Climbers in the Surf

9 12 2005

Climbers in the Surf

1 Timothy 5:9,24 (NIV) 9Do not entertain an accusation against an elder unless it is brought by two or three witnesses.

24The sins of some men are obvious, reaching the place of judgment ahead of them; the sins of others trail behind them.

Titus 1:15-16 (NIV) 15To the pure, all things are pure, but to those who are corrupted and do not believe, nothing is pure. In fact, both their minds and consciences are corrupted. 16They claim to know God, but by their actions they deny him. They are detestable, disobedient and unfit for doing anything good.

Titus 2:7-8 (NIV) 7In everything set them an example by doing what is good. In your teaching show integrity, seriousness 8and soundness of speech that cannot be condemned, so that those who oppose you may be ashamed because they have nothing bad to say about us.

Titus 3:9-11 (NIV) 9But avoid foolish controversies and genealogies and arguments and quarrels about the law, because these are unprofitable and useless. 10Warn a divisive person once, and then warn him a second time. After that, have nothing to do with him. 11You may be sure that such a man is warped and sinful; he is self-condemned.

These texts have certainly been forgotten by many who profess to be followers of Christ.  It is quite common to accuse not just elders in the church, but almost anyone with whom we don’t agree.  We think it is our duty and right to point out any and all errors in other people.

Of course we are aiming for purity.  Of course we want to be more like Christ.  Of course we want others to see that being Christians has made a difference in our lives – this is important and necessary.  But the fact of the matter remains, we are broken and defective people.  We come from dysfunctional family systems, we are wounded, and we have a tendency to sin.  And, unfortunately, a change of character is the most difficult undertaking imaginable.

To make up for this, we tend to clean up our exteriors.  We stop doing the things that used to identify us as unbelievers.  We stop swearing, drinking, smoking, and we attend a church at least 2-3 times a month.  But Jesus said, it isn’t what is outside of a person that makes them unclean, it is what is inside.  It is our pride, greed, envy, malice, anger, addictions, depressions, lying, cheating, slander, and gossip that corrupts us.  But society doesn’t “police” these things.  We look upon others with the eyes of humanity and fail to see people the way God sees them.

In reality, we have set the standard too low.  We look at membership standards, but don’t really encourage people to have the character of Christ.

Do I sin?  Yes.  Do I make mistakes?  Yes.  Do I have dysfunctions?  Of course.  Do I offend others?  Unfortunately.  Do I have the character of Christ?  Nope.  Do I look much different than the average person on the street?  A little, but not significantly.  So, how would one know I am a Christian?  How would anyone see Christ in me?  How do I tell the world about Christ without being preachy?  How do I walk the walk and not just talk the talk?
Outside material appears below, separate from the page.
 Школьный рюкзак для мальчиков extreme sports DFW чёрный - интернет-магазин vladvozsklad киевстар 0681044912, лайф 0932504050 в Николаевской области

I am on a journey of discovery, growth, and opportunity.  Judging a person based on where they are currently on the path does not determine who they are, or what they cherish.  

If I see a man standing on the beach, his feet in the surf, I wouldn’t think he was a mountain climber.  If he were wearing a backpack and had an ice axe, I would just think he looked out of place.  Even if he were walking inland, I wouldn’t imagine he were climbing a mountain.  But if I saw the same man standing at timberline, his feet buried in the snow, I might envision a different image of him.  But still, he may just be a hiker, or a wannabe climber.  But if I met him at the summit of Mt. Rainier, ice clinging to his mustache, and a rope tied around his waste, I’d say he’s a mountain climber.

Some of us don’t look like good Christians.  We haven’t traversed very far from our roots.  We may wear the garb, talk the lingo, but our feet are still in the surf.  But that doesn’t mean we’re not climbers – that doesn’t mean we’re not followers of Christ.  It only means we haven’t arrived yet.  In fact, if Christ is the summit of Mt Everest, most of us are still down in the valleys trying to get further up the mountain.  Some are still selecting their gear, packing their packs, and hiring sherpas.  

Some Christians are at the base camp, some are selecting their routes, and some are beginning the ascent.  But it is a difficult climb.  It takes a long time and many stages.  Just because the summit hasn’t been reached, it doesn’t mean we aren’t climbers (er, Christians).  It only means we are on the journey.

It is easy to criticize others.  But we need to look at people through God’s eyes and keep our criticism at bay.

Father God, teach me to see people with your vision.